Это событие поразило всю деревни и вообще всех знавших Леандру. Я был поражен, Ансельм смущен, отец опечален, родственники оскорблены, правосудие встревожено и полицейские пущены в дело. Обходили все дороги, обшарили все леса; и через три дня нашли легкомысленную Леандру в глубине одной пещеры в горе, одетую в одну сорочку, без денег и драгоценностей, которые она унесла с собой из дому. Привели ее к плачущему отцу и стали спрашивать, как с нею случилось это несчастие. Она без принуждения созналась, что Викентий де-ла-Рока ее обманул, что, дав клятву быть ее мужем, он убедил ее покинуть родительский дом и обещал отвести ее в богатейший и прекраснейший город во всей вселенной, в Неаполь; неопытная и прельщенная его обещаниями, она поверила его словам, и, обокрав своего отца, отдалась во власть солдата именно в ту ночь, как скрылась с ним. Он завел ее в самую глушь гор и покинул там, где ее потом нашли. Затем она рассказала, что солдат, не лишая ее чести, отнял у ней все ее драгоценности и, бросив ее в пещере, скрылся. Рассказ Леандры удвоил всеобщее изумление.

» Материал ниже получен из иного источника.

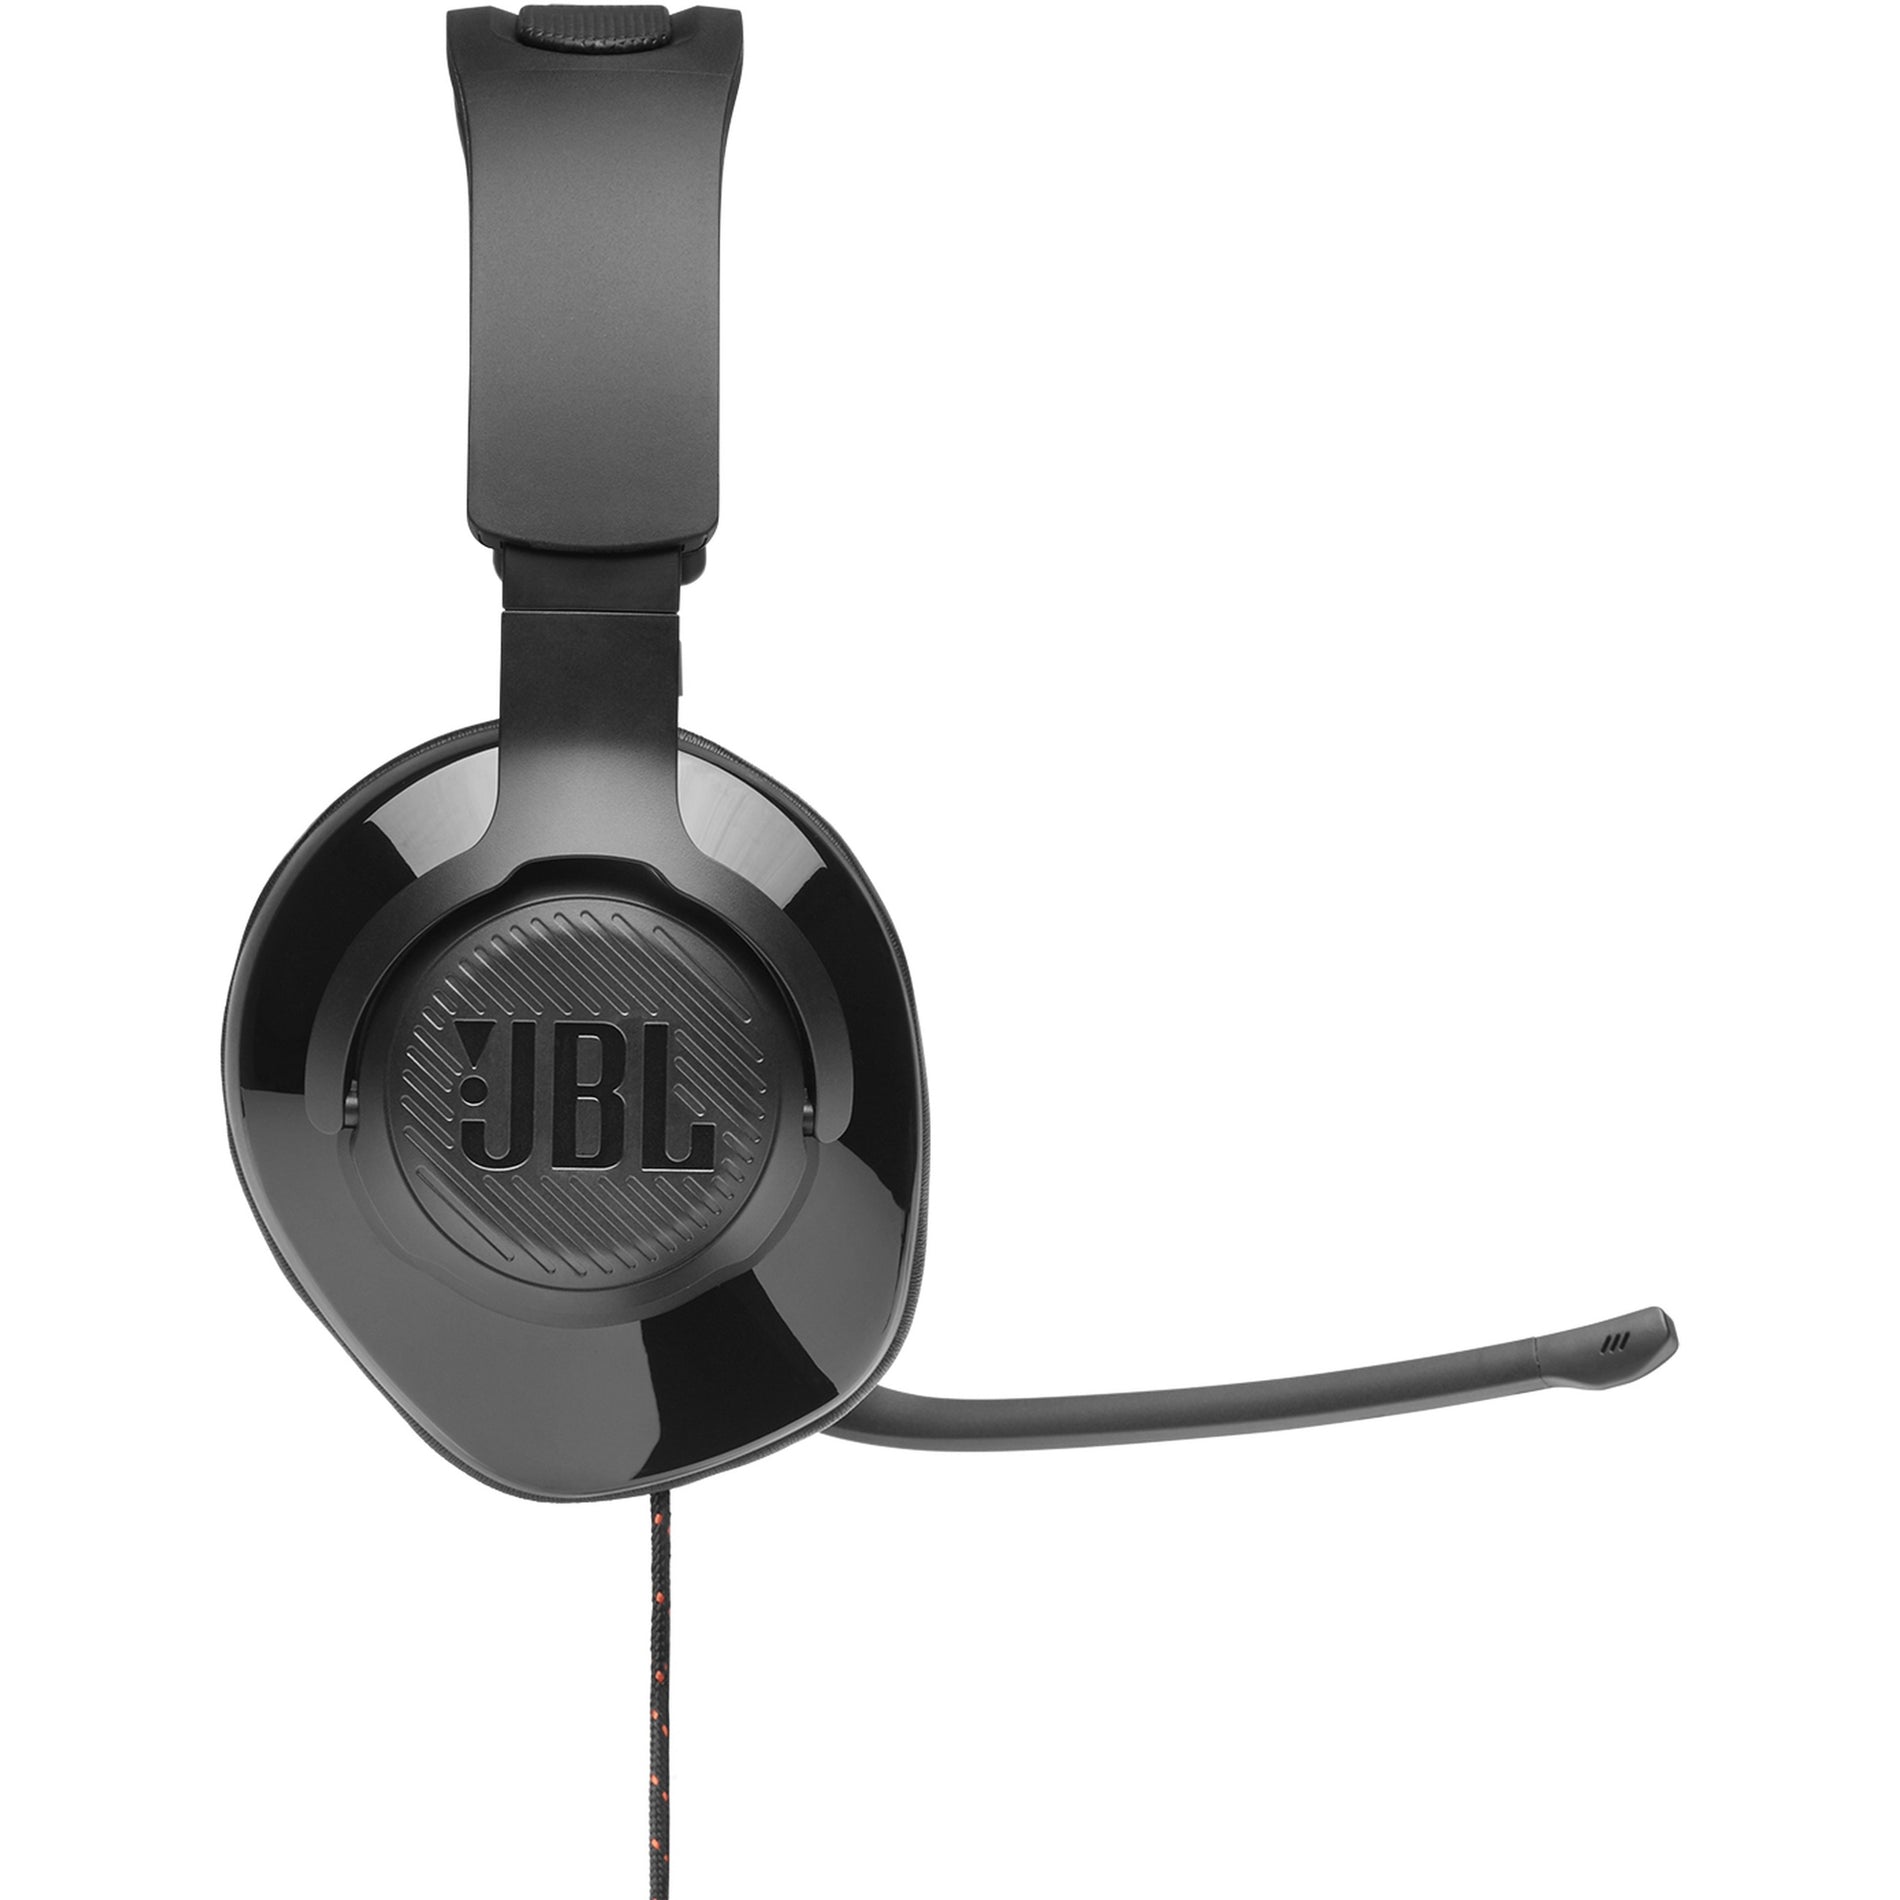 JBL JBL-QUANTUM200P Quantum 200 Gaming Headset, Binaural Over-the-ear Stereo Headphones with Echo Cancelling Microphone

Конечно, господа, трудно поверить такой воздержности со стороны молодого человека; но она, произнося торжественные клятвы, уверяла в том, что он не позволял себе никакого насилия над нею, и этого было достаточно, чтобы утешить огорченного отца, переставшего жалеть о похищенных богатствах, после того как он убедился, что его дочь сохранила сокровище, которое, раз потеряв, невозможно найти вновь.
В тот же день, когда Леандра была приведена домой, ее отец постарался скрыть ее от взоров посторонних, заключив ее в монастырь ближайшего города до того времени, пока не заглохнут, как он надеялся, дурные слухи, распространявшиеся об его дочери. Молодость Леандры могла служить некоторым извинением ее поведения, по крайней мере, в глазах тех людей, которым нет никакого интереса считать ее дурной или хорошей; что же касается знавших ее ум и живой характер, то причину ее проступка они видели не в неведении ее, а в легкомыслии и в свойственной всем женщинам склонности поступать в большинстве случаев наперекор уму и здравому смыслу.
После заключения Леандры глаза Ансельма стали слепы или, по крайней мере, потеряли способность видеть что-либо приятное. В разлуке с Леандрой мои глаза тоже покрыл мрак, не освещаемый ни одним лучом света радости. Наша печаль усиливалась по мере того, как истощалось наше терпение; мы проклинали щегольство солдата, мы бранили неблагоразумие и ослепление отца. Наконец, мы решили с Ансельмом покинуть деревню и уйти в эту долину, где он стал пасти своих баранов, а я – принадлежащее мне стадо коз. Мы ведем жизнь среди этих деревьев, то предаваясь излияниям нашей нежной страсти, то распевая хвалебные или порицательные песни, посвященные прекрасной Леандре, то вздыхая в уединении и поверяя наши жалобы бесчувственному небу.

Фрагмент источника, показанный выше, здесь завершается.